Problem requirements – Please reproduce all the records exactly while leaving out their pictures.

Extracted information –
--- --- ---

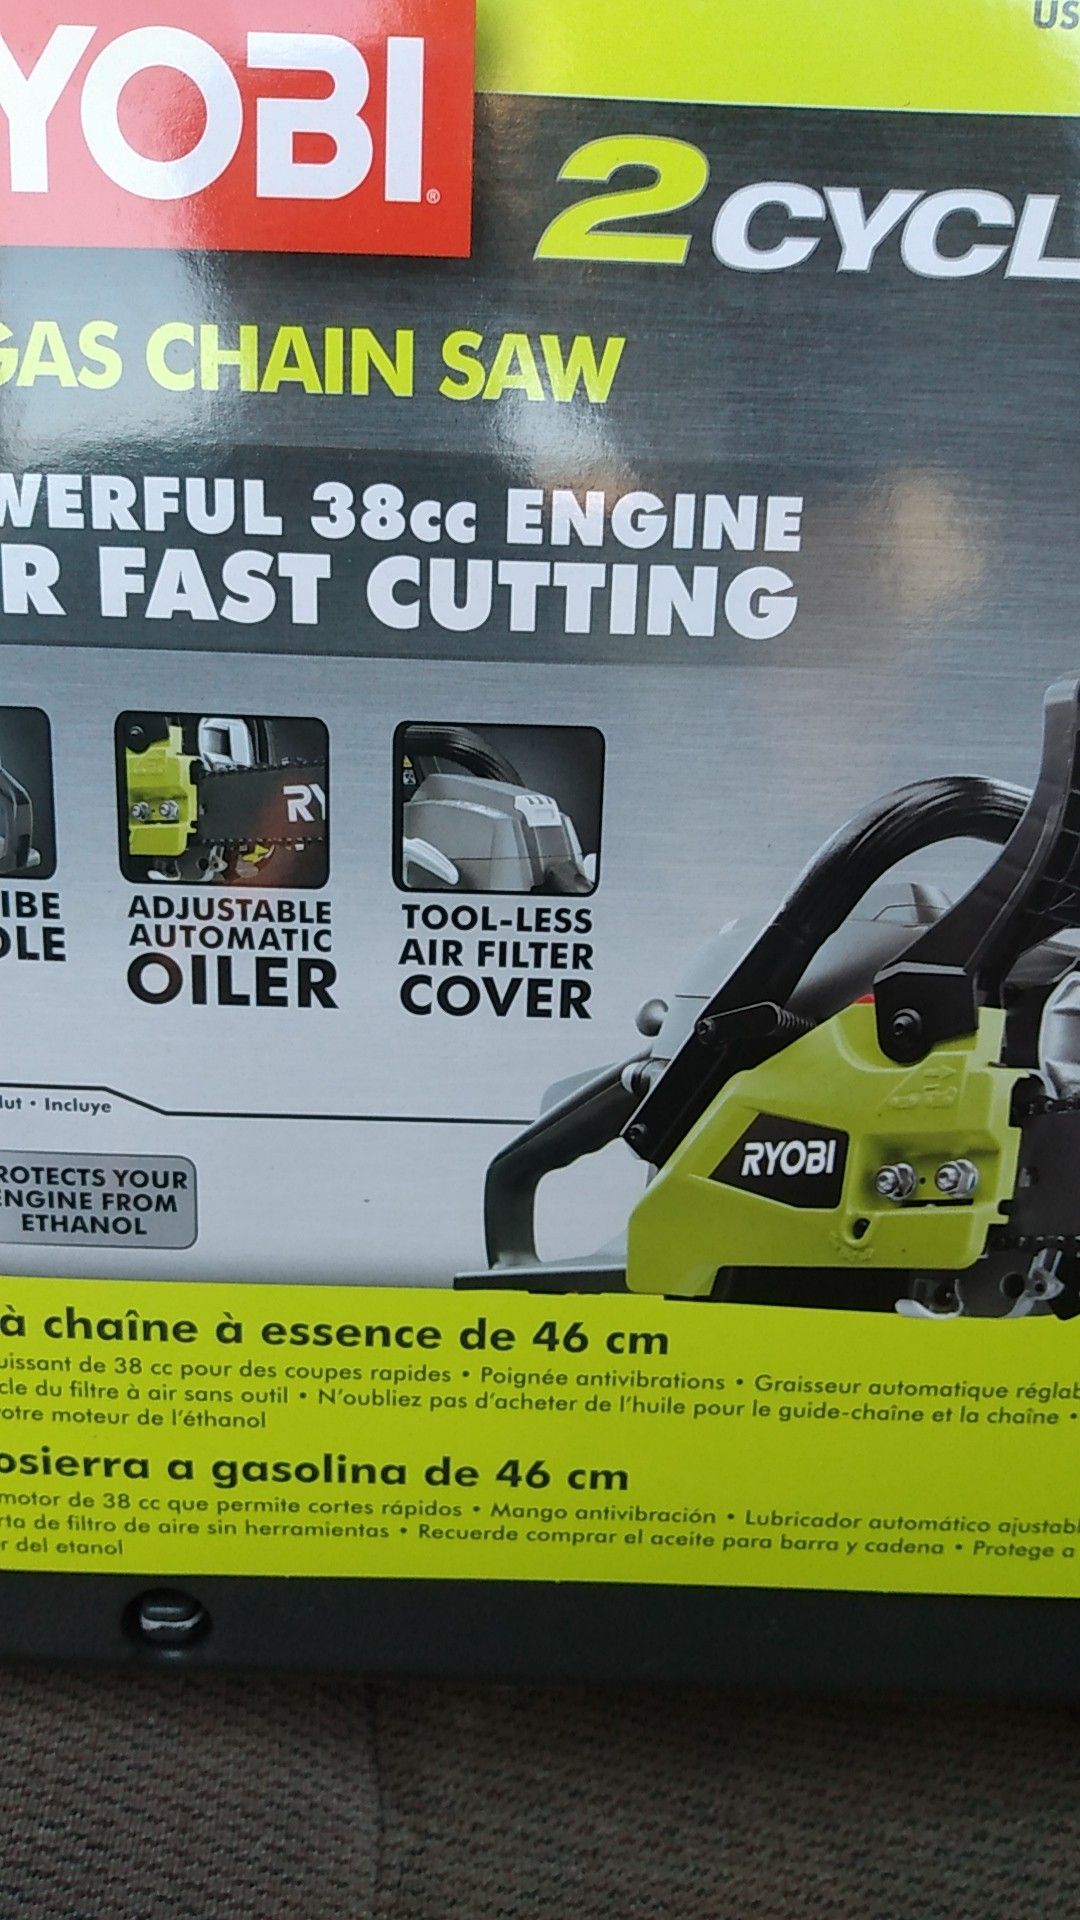 Ryobi two-cycle 18-in gas chainsaw
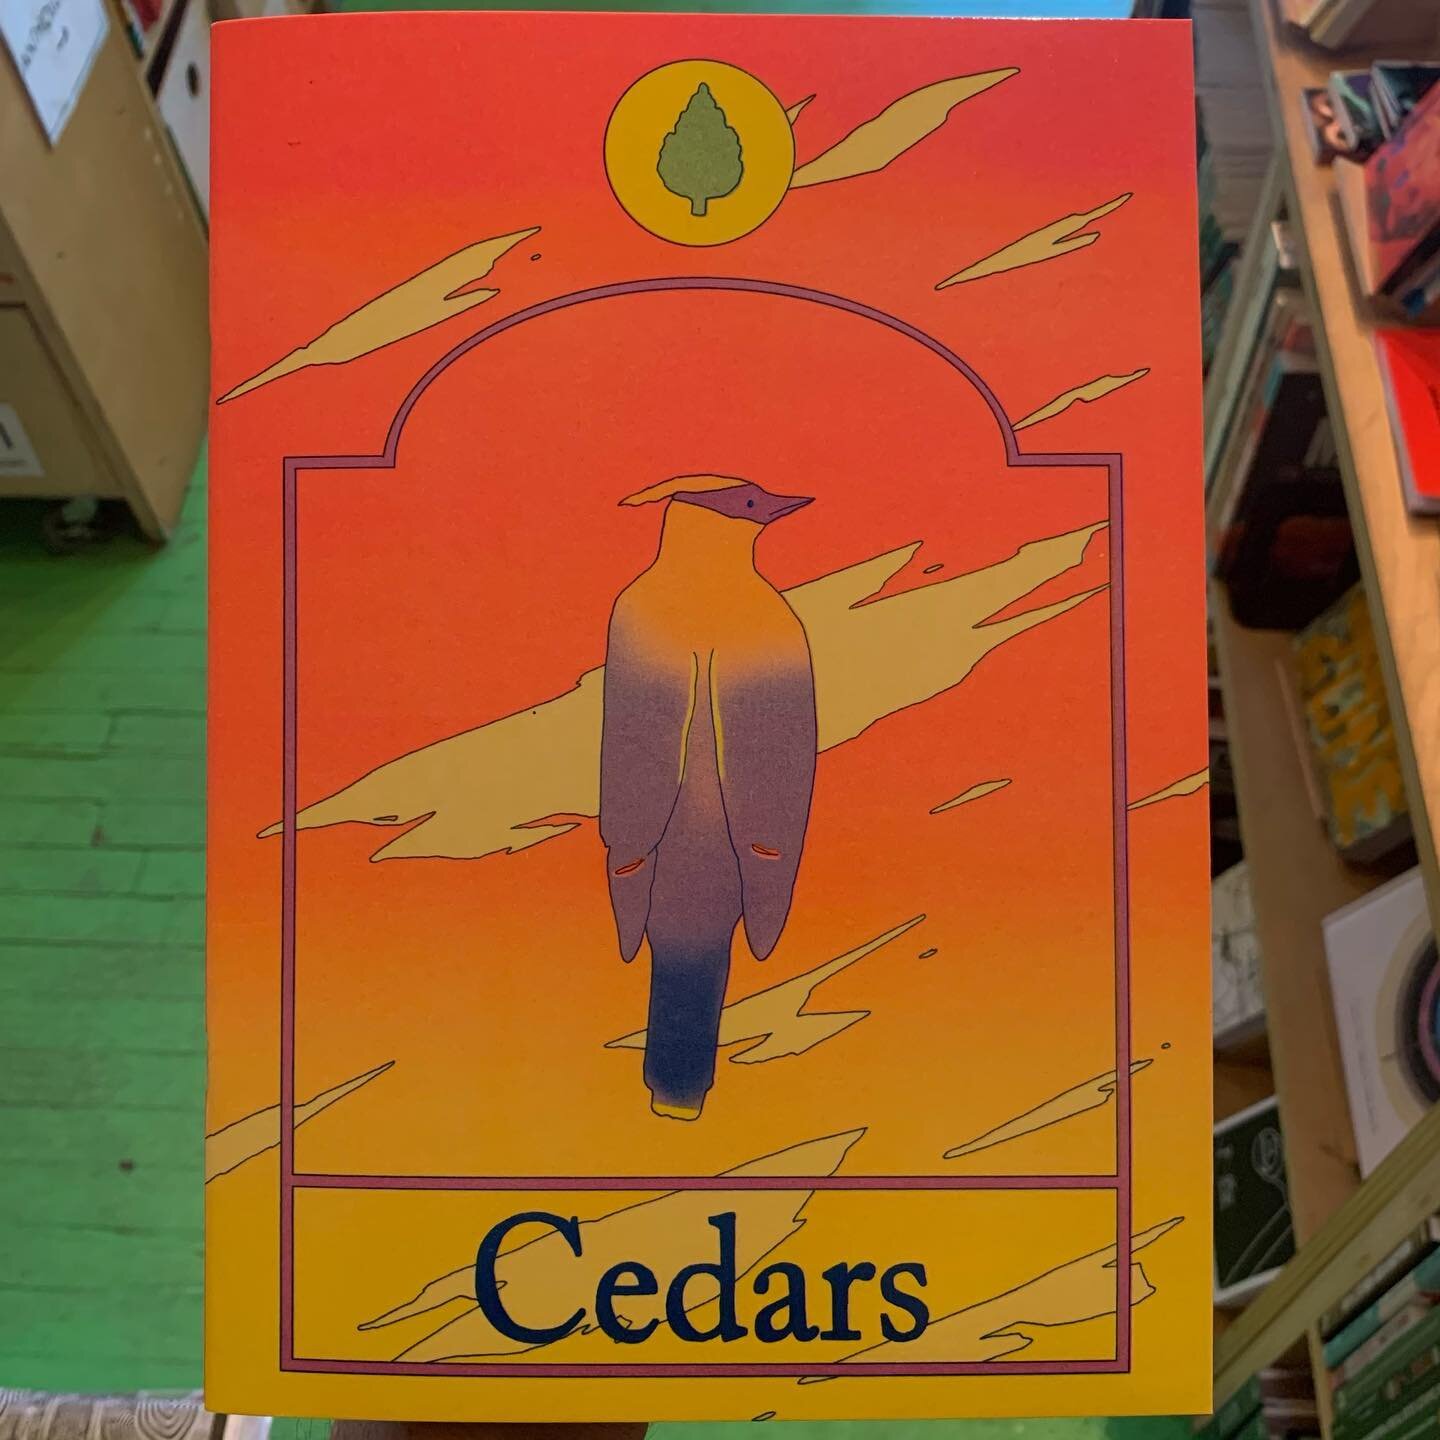 Gorgeous new Maria Medem book, available exclusively with new Field Works &ldquo;Cedars&rdquo; album. Brainchild of Stuart Hyatt , Cedars combines cosmic Americana with Western ambient and Middle Eastern influences, set to Arabic and English poetry @
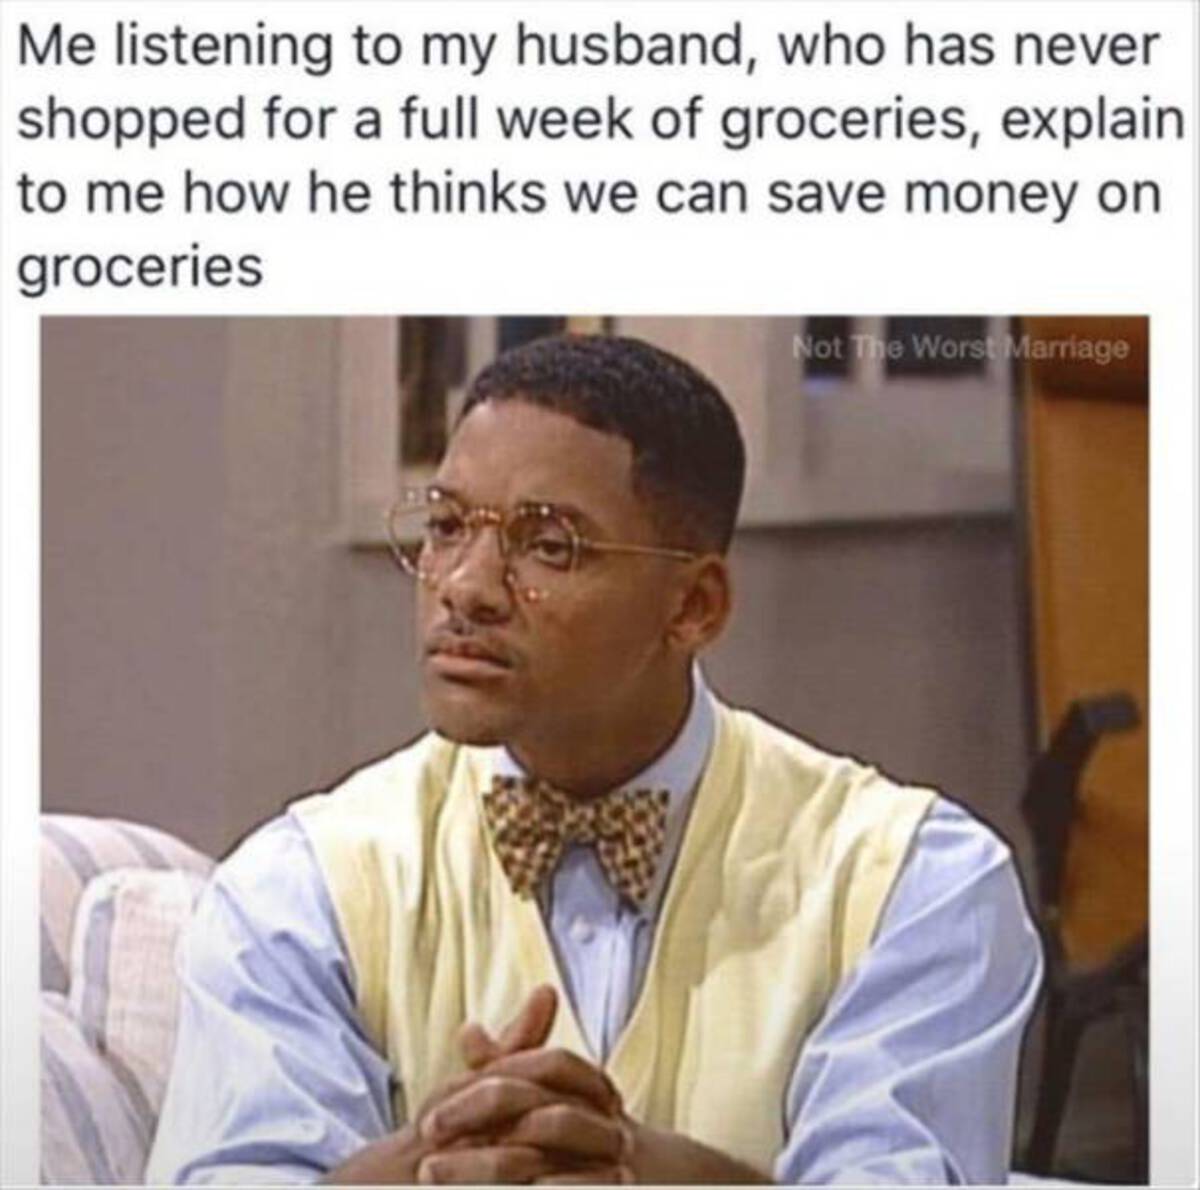 paying attention meme - Me listening to my husband, who has never shopped for a full week of groceries, explain to me how he thinks we can save money on groceries Not The Worst Marriage
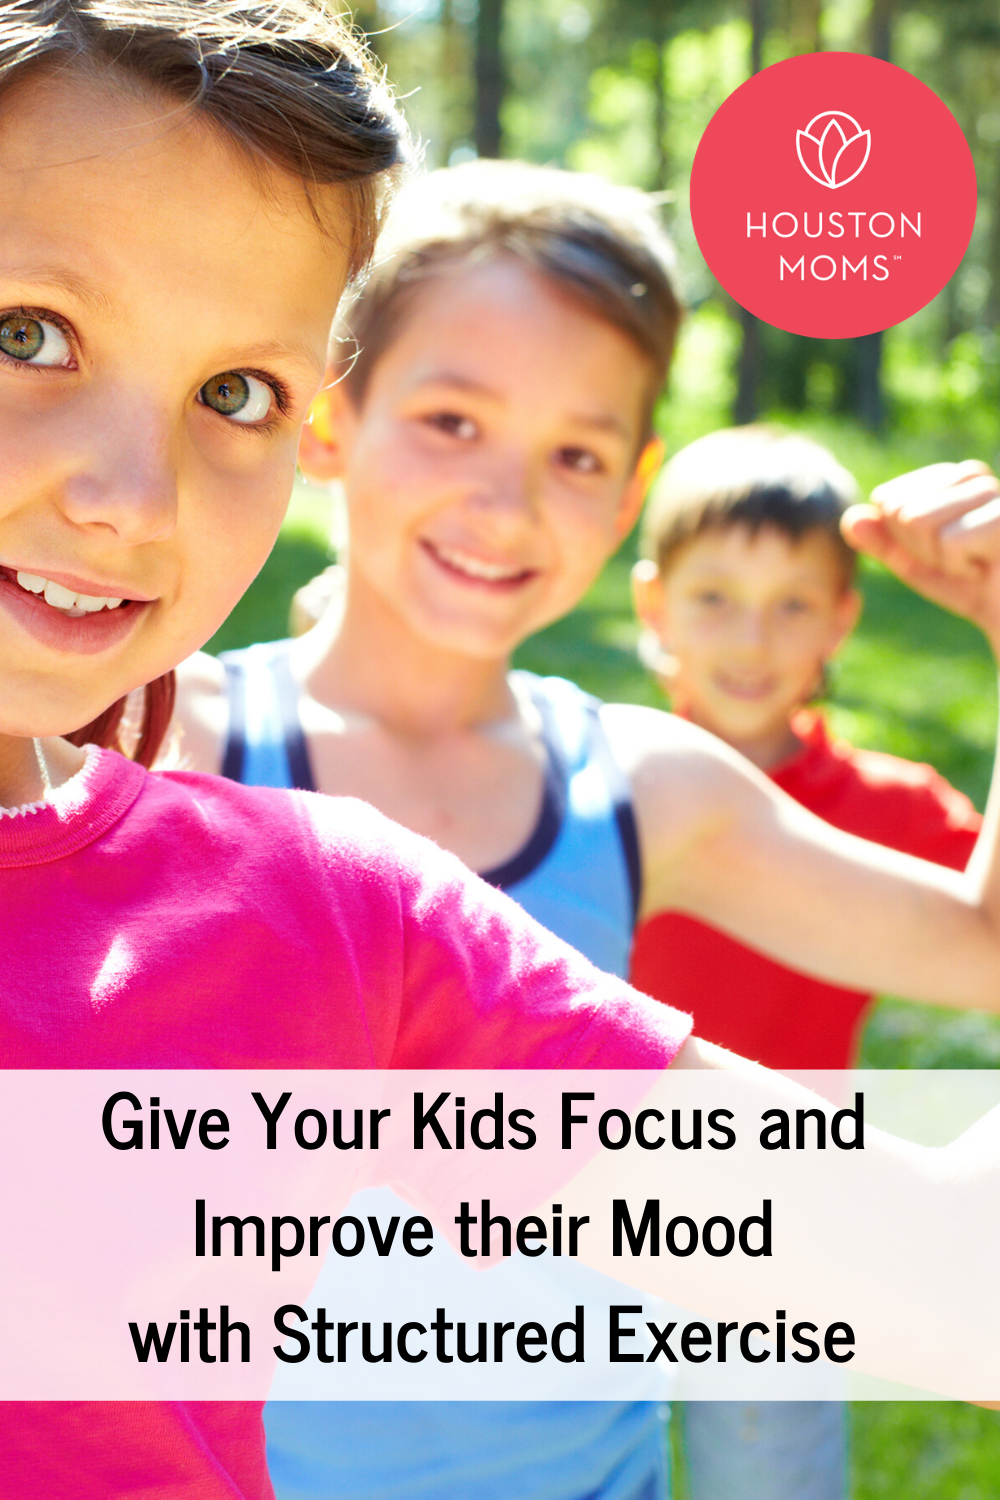 Houston Moms "Give Your Kid Focus and Improve Their Mood With Structured Exercise" #houstonmoms #houstonmomsblog #momsaroundhouston
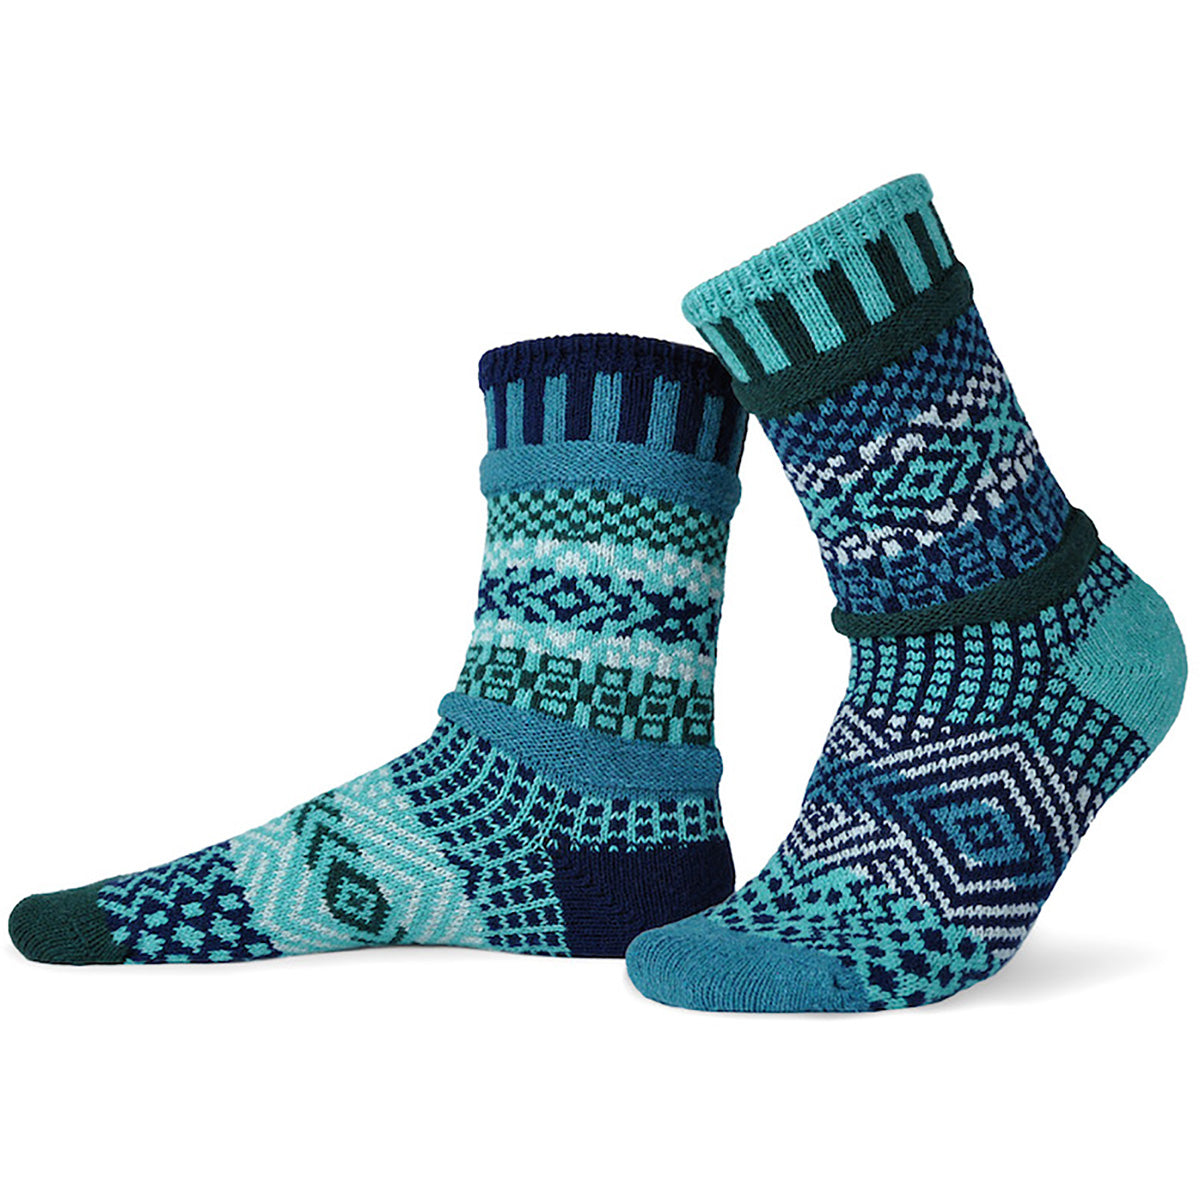 Mismatched socks from Solmate Socks in Evergreen pattern with blue and green

--- --- ---

Answer box –
 Ryobi two-cycle 18-in gas chainsaw
 Gorgeous new Maria Medem book, available exclusively with new Field Works &ldquo;Cedars&rdquo; album. Brainchild of Stuart Hyatt , Cedars combines cosmic Americana with Western ambient and Middle Eastern influences, set to Arabic and English poetry @
 paying attention meme - Me listening to my husband, who has never shopped for a full week of groceries, explain to me how he thinks we can save money on groceries Not The Worst Marriage
 Houston Moms "Give Your Kid Focus and Improve Their Mood With Structured Exercise" #houstonmoms #houstonmomsblog #momsaroundhouston
 Mismatched socks from Solmate Socks in Evergreen pattern with blue and green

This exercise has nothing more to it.